Some time ago I put together a web site visitor logger. At the first I did it as an experiment to see how many of my blog visitors are bots. I also wanted to see if I could use data from it to implement a better anti-bot solution for Google Analytics (GA).
I'm storing session data (a session in my app has the lifespan of a session cookie) in a MySQL database. The data includes easy-to-obtain numerical and boolean values. Besides running analytics I can now also browse individual sessions. This was not possible with GA. At the moment I'm seeing the most value of the app in that feature. Referrer spam has also disappeared but this is because the solution uses a custom protocol.
For bot detection I implemented the following techniques:
- Number of mouse/scroll events.
- Recording page view/session duration.
I have put together some statistics based on the October data from this blog.
|Total number of sessions||1396|
|Total number of pageviews||2148|
|Total number of distinct IP addresses||1202|
By the number of sessions.
Mouse and scroll events
|Sessions with mouse events||935||66.98%|
|Sessions with scroll events||899||64.40%|
|Sessions with mouse or scroll events||1074||76.93%|
|Sessions longer than 5 seconds||1267||90.67%|
|Sessions longer than 15 seconds||1096||78.51%|
|Sessions longer than 30 seconds||885||63.40%|
|Sessions longer than 60 seconds||849||60.81%|
|Sessions longer than 120 seconds||619||44.34%|
|Sessions longer than 240 seconds||592||42.41%|
At the end I decided to filter sessions by 30 seconds. This seems to keep statistics clean enough without losing too much information. Most of the interesting data for me is in longer multi-page sessions anyway.

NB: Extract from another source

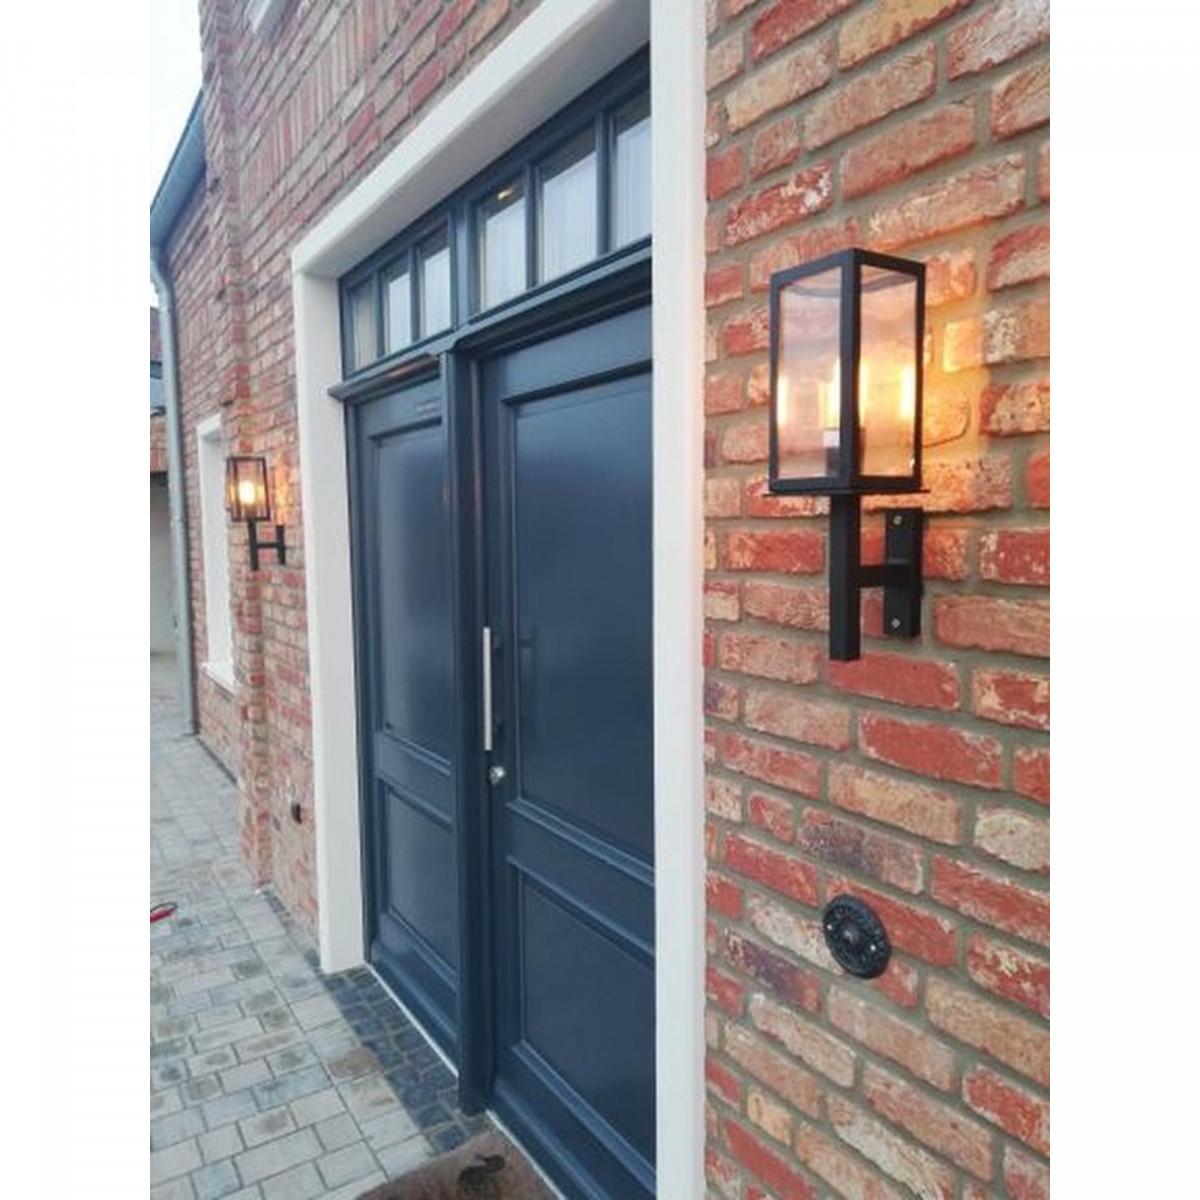 Zwarte buitenlamp strak klassiek box design, rechte wandsteun, stijlvol en praktische buiten wandlantaarn, handmade KS Verlichting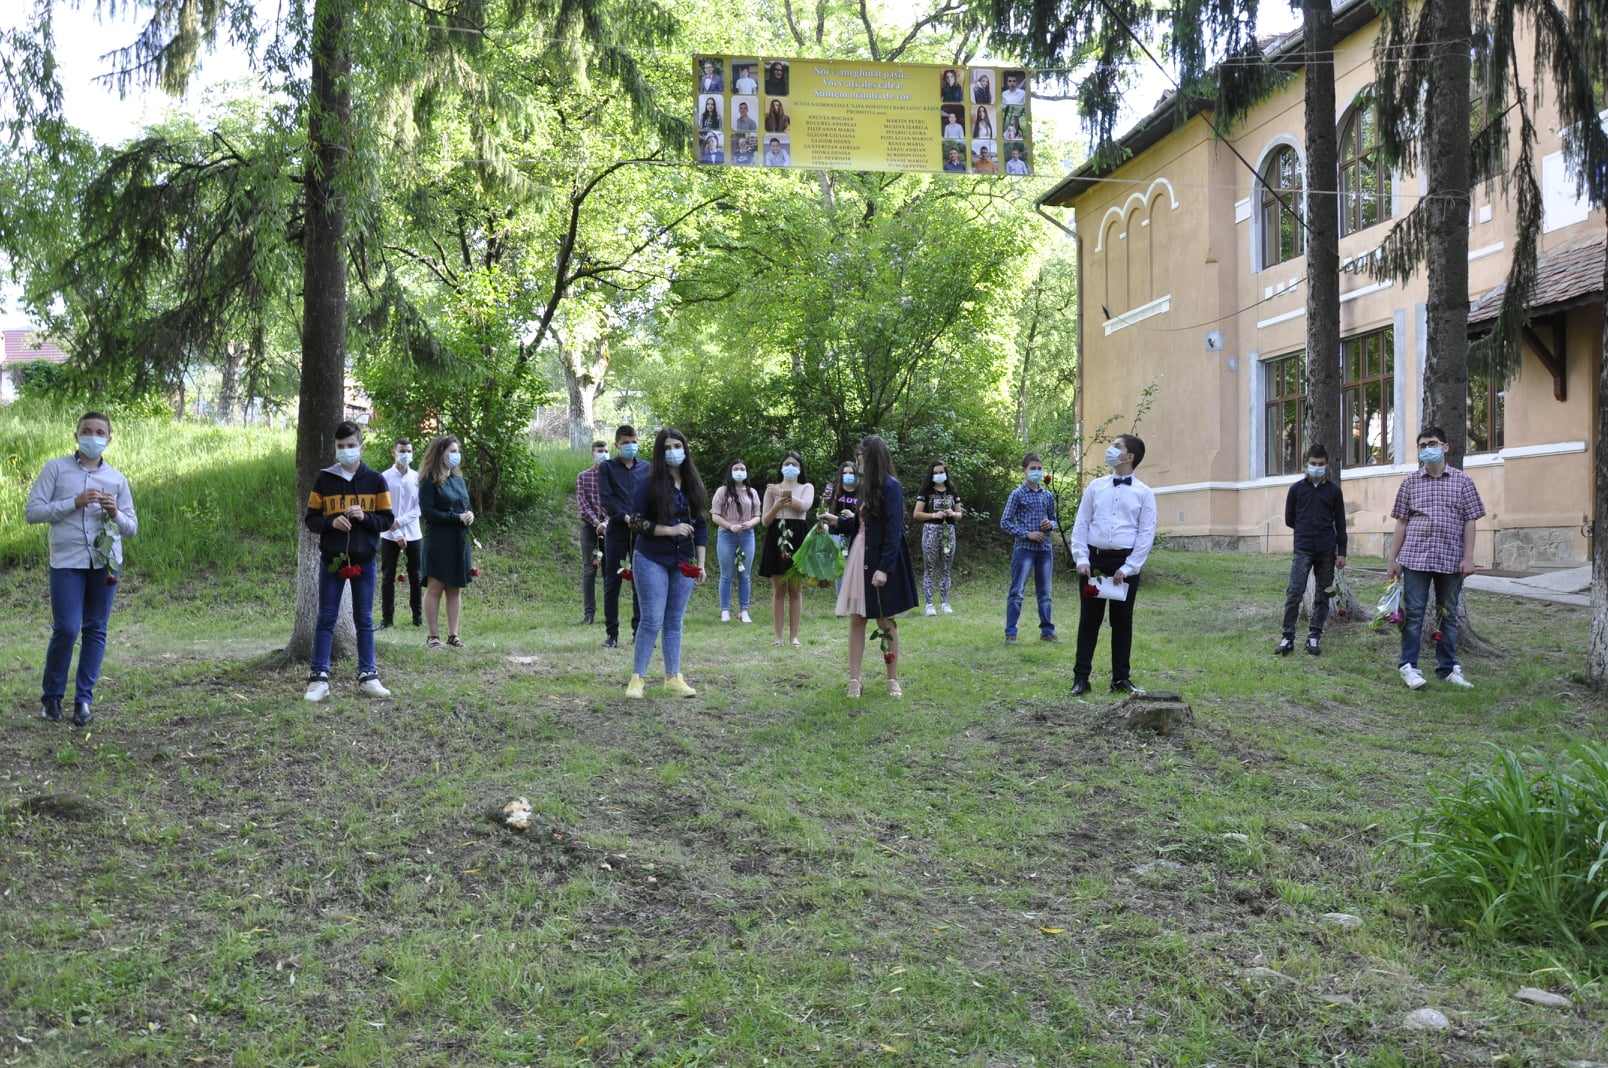 Curs festiv surpriză pentru absolvenții de clasa a VIII-a de la o școală din Rășinari

I added a frontend with a couple of tables and charts once I had enough useful data in the database. It contains very few analytical features: only the last month top entry pages and top pages are shown. The goal of this was not to replace GA which is much more powerful with all the predefined and possible custom views but to complement it with the ability to browse individual sessions. This feature was very simple to add to the app. The session page just lists all visited pages by the view start time.
Screenshot: list of sessions
Screenshot: single session
Source code and documentation can be found in the GitHub repository.